Contexte français : pour une prévention fondée sur les données scientifiques indépendamment
des intérêts économiques
et politiques1

Amine Benyamina
CERTA, Hôpital universitaire Paul Brousse

Les dommages de la consommation d’alcool : connaissances scientifiques et perceptions

Les politiques publiques de prévention s’appuient sur l’imaginaire et sur la perception vis-à-vis des produits. L’evidence-based medecine est évacuée, pour s’appuyer sur la vox populi.
Le terme de « perceptions » est gênant pour les scientifiques mais il peut être mesuré car il a un effet sur la façon dont la politique de prévention doit être menée. L’organisme Santé publique France est pris entre deux feux. L’un des enjeux de Santé publique France est de dé-normaliser l’alcool. Toutefois, dès que l’on parle de dé-normalisation de l’alcool dans une dimension de prévention, on est attaqués pour prise de position et partialité. La Mission interministérielle de lutte contre les drogues et les conduites addictives (Mildeca) a publié un rapport, qui présente une très bonne expertise du problème mais avec des solutions se situant en deçà des attentes.
En France, les addictions sont responsables d’un mort sur cinq. Le coût social de l’alcool est important, comme la contribution du budget de la Sécurité sociale. La prévention doit donc s’imposer.
En 2012, avec Michel Reynaud et Catherine Bourgain, nous avons tenté de déterminer comment les drogues étaient perçues en fonction de leur gravité, par la population d’une part, en ayant recours à un institut de sondages, et par les experts d’autre part. Un travail identique avait été conduit en Grande-Bretagne par David Nutt. Les évaluations de l’ensemble des dommages individuels et sociaux sont parfaitement concordantes pour l’ensemble des experts internationaux et français. Ainsi, pour tous les experts interrogés, l’alcool est le produit qui procure le plus de plaisir et de bien-être, et simultanément le produit le plus dangereux, associant des dommages sanitaires et des dommages sociaux majeurs. Pour sa part, le tabac est le principal facteur de mortalité et le cannabis cause des dommages sanitaires mais surtout sociaux absolument majeurs.
En revanche, les discordances sont majeures entre l’évaluation des experts et les représentations sociales du public. Pour la population, les dommages liés aux trois principales drogues illégales (cannabis, cocaïne, héroïne) sont plus élevés.

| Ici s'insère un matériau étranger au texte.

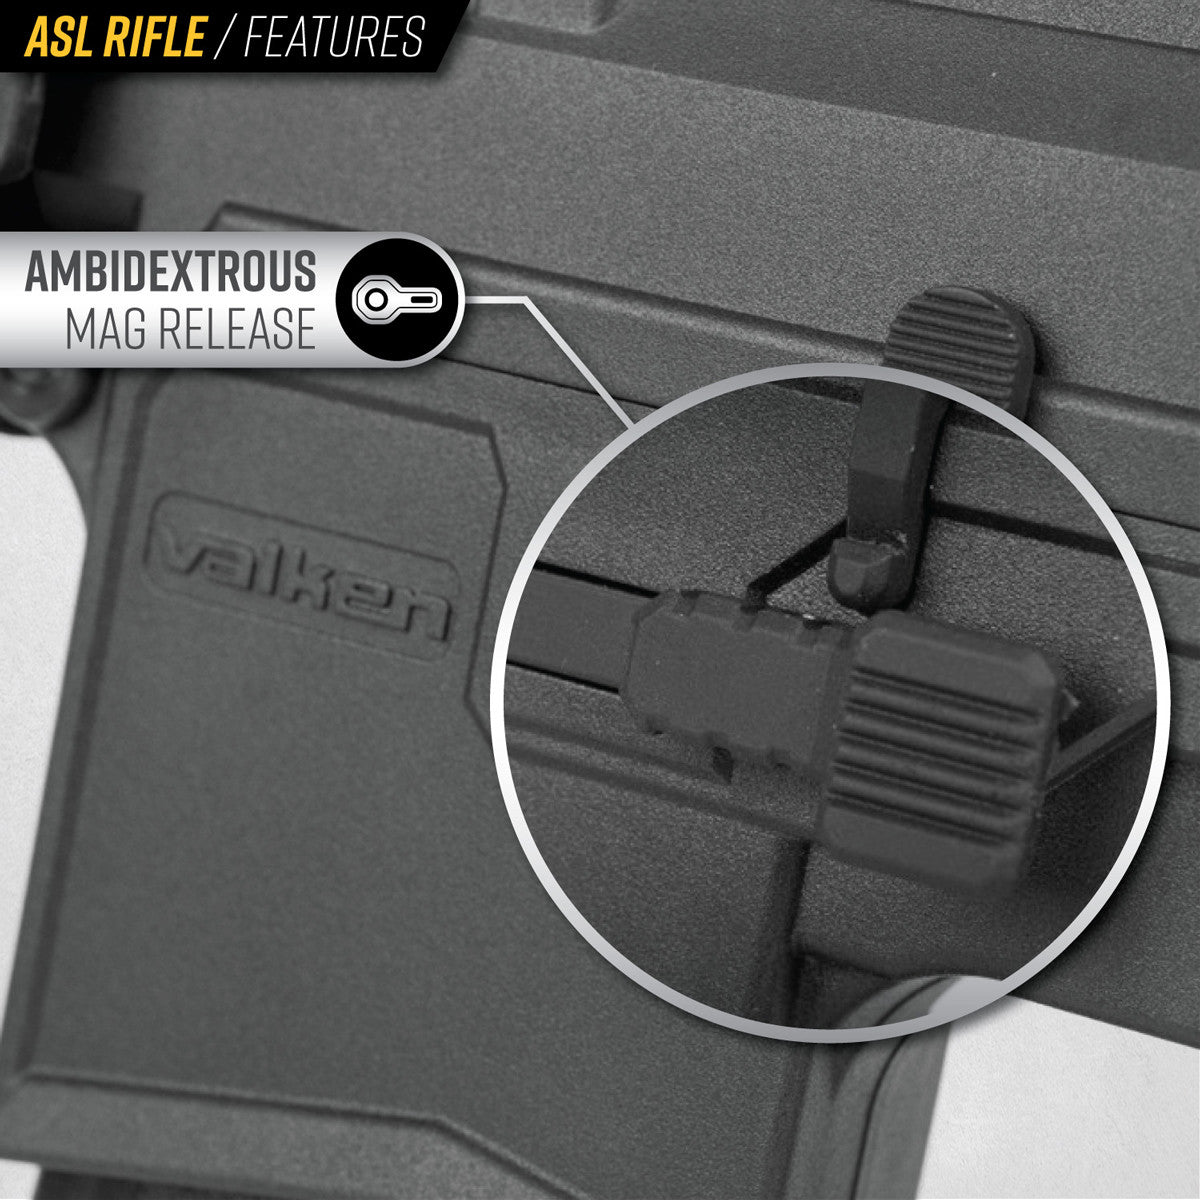 Valken ASL AEG Kilo Airsoft Rifle - Black

À une époque, Roques avait indiqué que l’alcool était plus dangereux que le cannabis. De plus, l’alcool est classé par la population au même niveau que le cannabis pour les dommages individuels, alors qu’il cause 41 000 morts, et même après la cocaïne et le cannabis dans l’évaluation des dommages sociaux.
Nous ne pouvons pas imposer une politique de prévention en l’absence de consensus sur la nocivité d’un produit. Le terrain doit être favorable, débarrassé de l’intoxication due aux représentations sociales. Pour être efficace, la politique de lutte contre les dommages des addictions ne doit plus être menée à partir des représentations de la réalité mais être construite à partir de faits scientifiques.
En 2006, 53 % des Français connaissaient une personne dont ils pensaient qu’elle avait un problème avec l’alcool et 38 % reconnaissaient avoir souffert de la consommation d’alcool d’une personne de leur entourage. De plus, l’opinion était plutôt favorable vis-à-vis de l’action des pouvoirs publics. Pour autant, le caractère liberticide des actions s’exprimait chez un tiers des personnes interrogées. De plus, 58 % pensaient que les pouvoirs publics ne faisaient pas assez.
La taille du pictogramme « Femme Enceinte » a fait l’objet d’une polémique insensée. Cinquante pour cent des personnes interrogées ont entendu parler de l’apposition de ce pictogramme et 90 % approuvent cette mesure, alors que seuls 47 % estiment que les risques pour les fœtus commencent dès le premier verre (le taux était de 25 % en novembre 2014). Il apparaît également une méconnaissance des risques liés à la consommation excessive. Vingt cinq pour cent citent correctement le seuil de consommation à risque de l’époque. Pour 35 %, les accidents de la route sont la principale cause de mortalité liée à l’alcool.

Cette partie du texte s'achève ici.